🤖 AI Summary
Current large language model (LLM) alignment approaches predominantly rely on immediate preference signals, which fail to capture the dynamic nature of user preferences as they evolve over time and in response to real-world outcomes. This work proposes a longitudinal alignment framework implemented through BITE, a browser-based system that enables contextualized preference elicitation, context-triggered multi-episode reflective prompting, and progressively authorized behavioral data collection. We introduce the first longitudinal, context-aware human–LLM alignment evaluation paradigm that supports user-controlled data sharing and reveals significant discrepancies between immediate and delayed preferences. An empirical two-week study with eight participants demonstrates the limitations of single-episode evaluations across dimensions such as accuracy and relevance, thereby underscoring both the necessity and feasibility of dynamic alignment.
📝 Abstract
Current human-AI alignment and evaluation methods for large language models (LLMs) often rely on preference signals collected immediately after an interaction. This practice implicitly treats preference as static, even though many LLM-mediated decisions unfold over time and may be re-evaluated differently after real-world consequences and observed outcomes. Therefore, we argue for a methodological shift from single-moment preference elicitation to longitudinal, context-situated alignment measurement. We present a methodological framework for collecting temporally grounded alignment signals by combining (1) in-situ preference capture, (2) context-triggered follow-up preference reflection, and (3) privacy-preserving behavioral traces that help interpret preference change.
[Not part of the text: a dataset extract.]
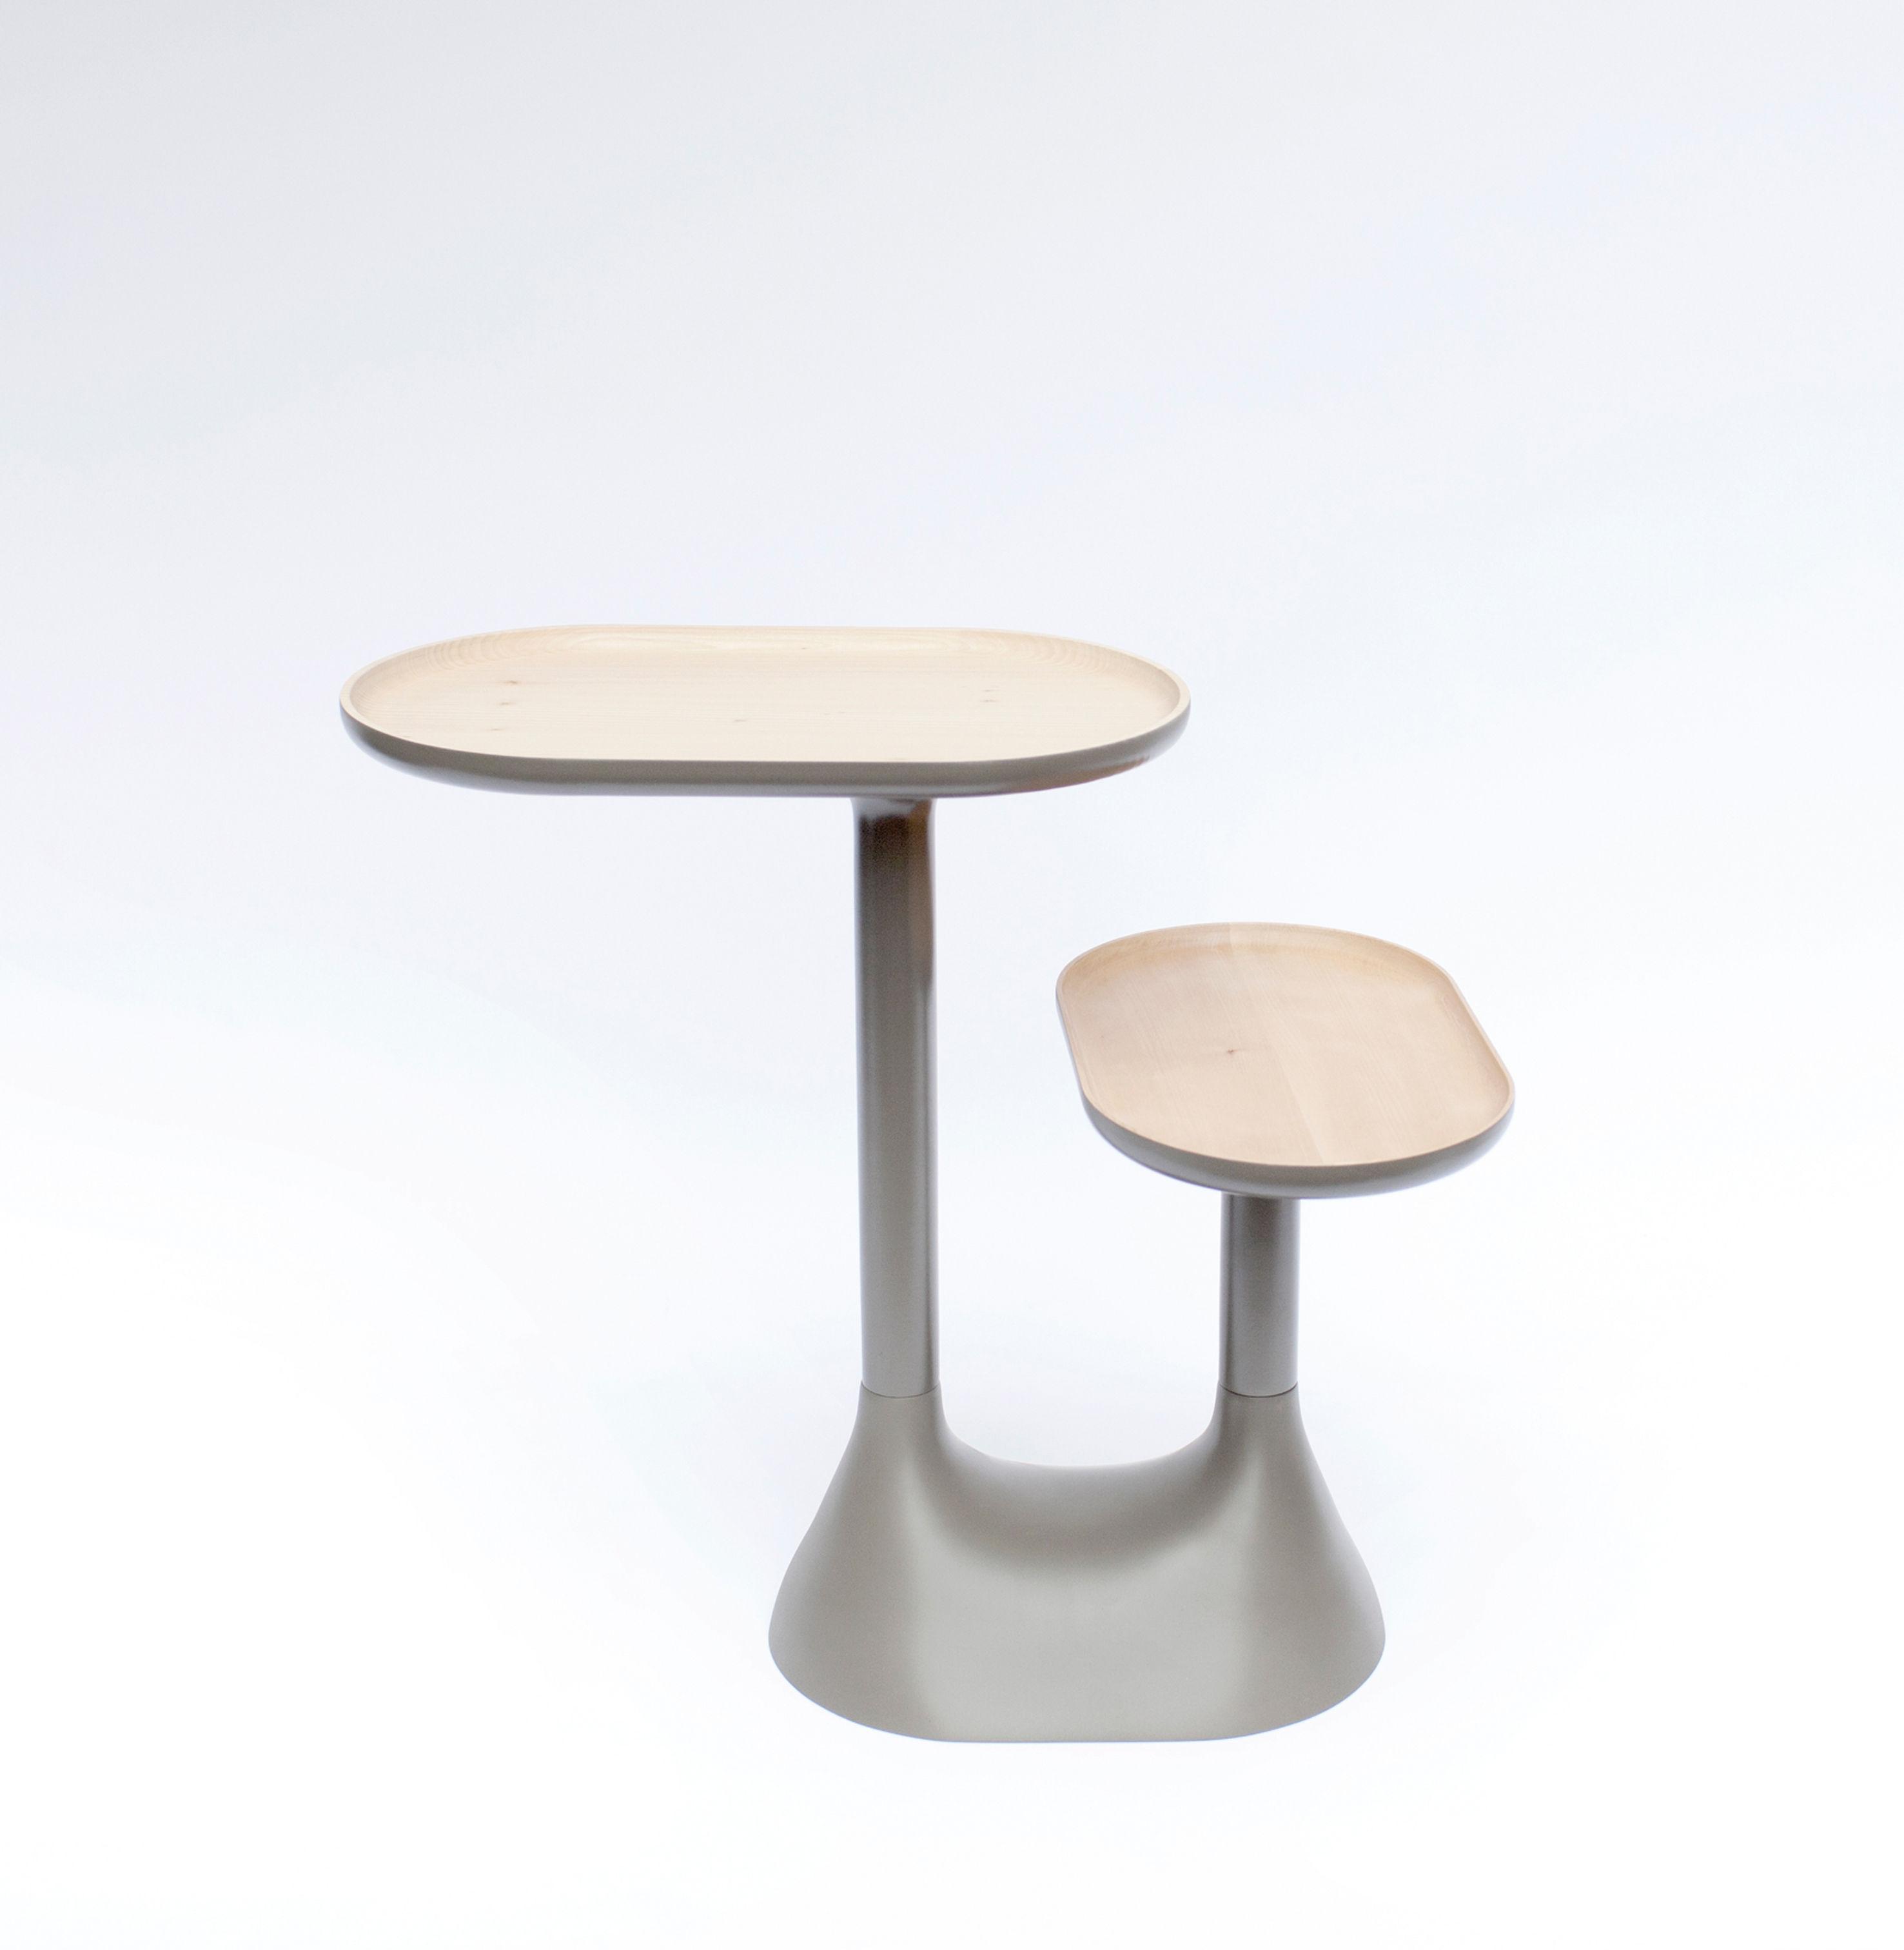 table basse baobab 2 plateaux pivotants gris moustache. Black Bedroom Furniture Sets. Home Design Ideas
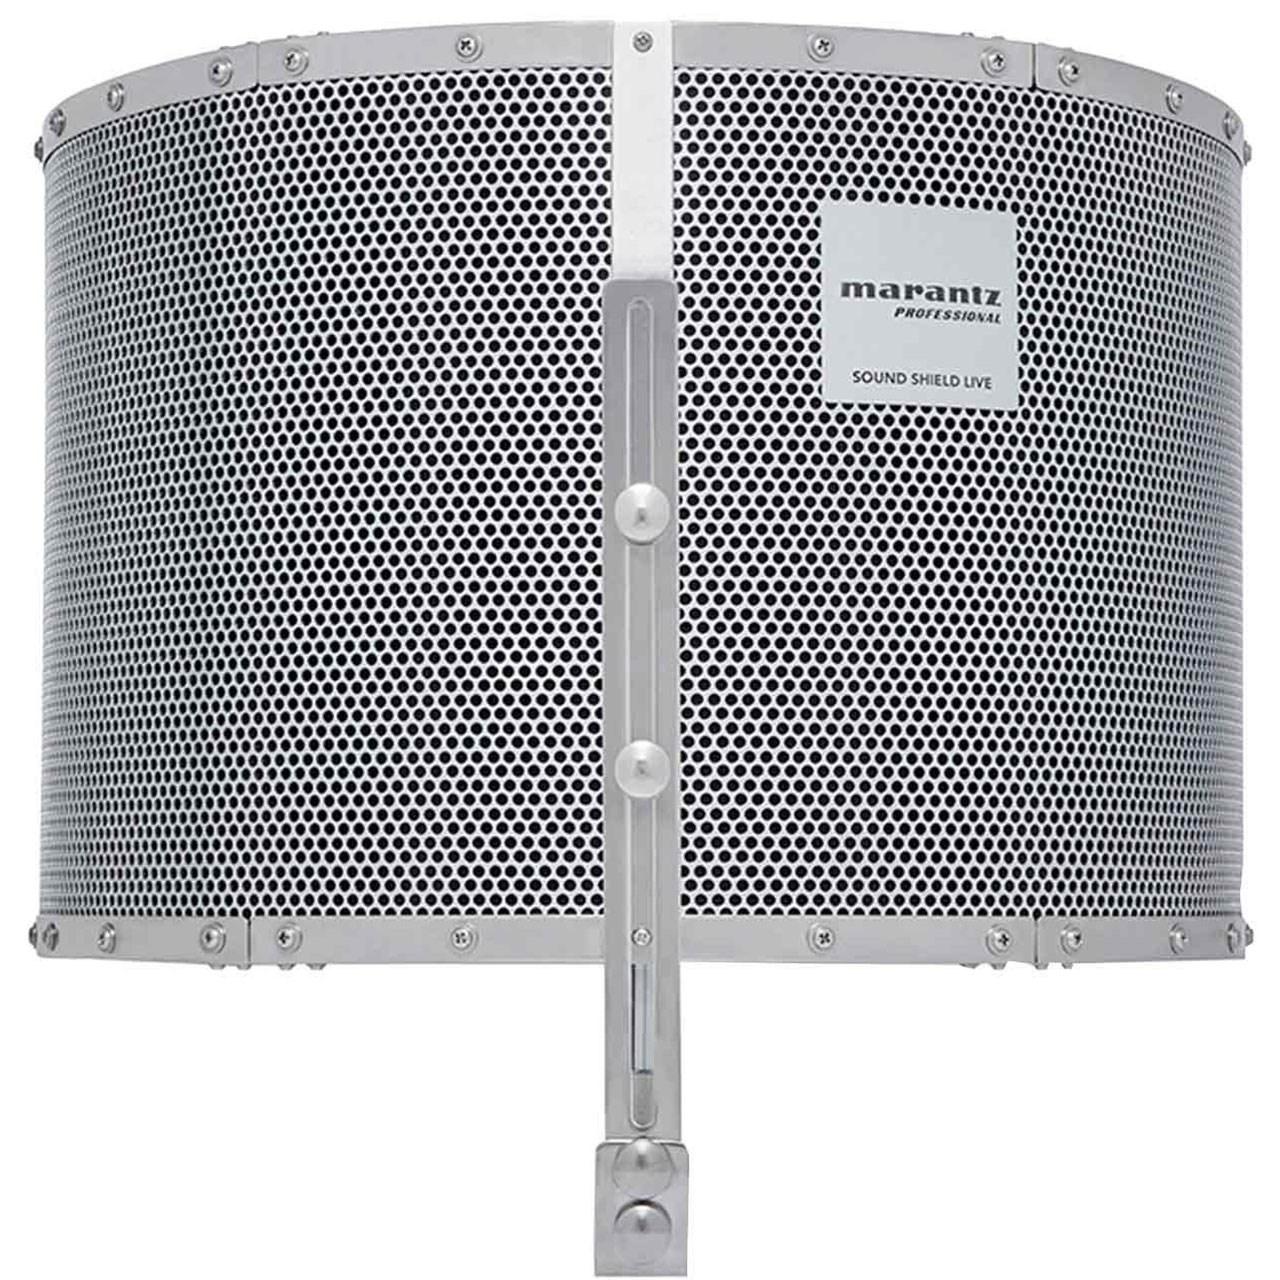 ایزولاتور میکروفون مرنتز مدل Sound Shield Live

As an instantiation of this methodology, we introduce BITE, a browser-based system that detects consequential LLM interactions, prompts reflection across later decision points, and supports progressive, user-controlled consent for sharing behavioral data. Through a two week longitudinal deployment study with 8 participants, our approach surfaced differences between immediate and later user preferences in accuracy, relevance and other dimensions of the LLM output. Our findings highlight the limitations of single-moment preference datasets and underscore the importance of longitudinal methods for alignment evaluation in everyday use.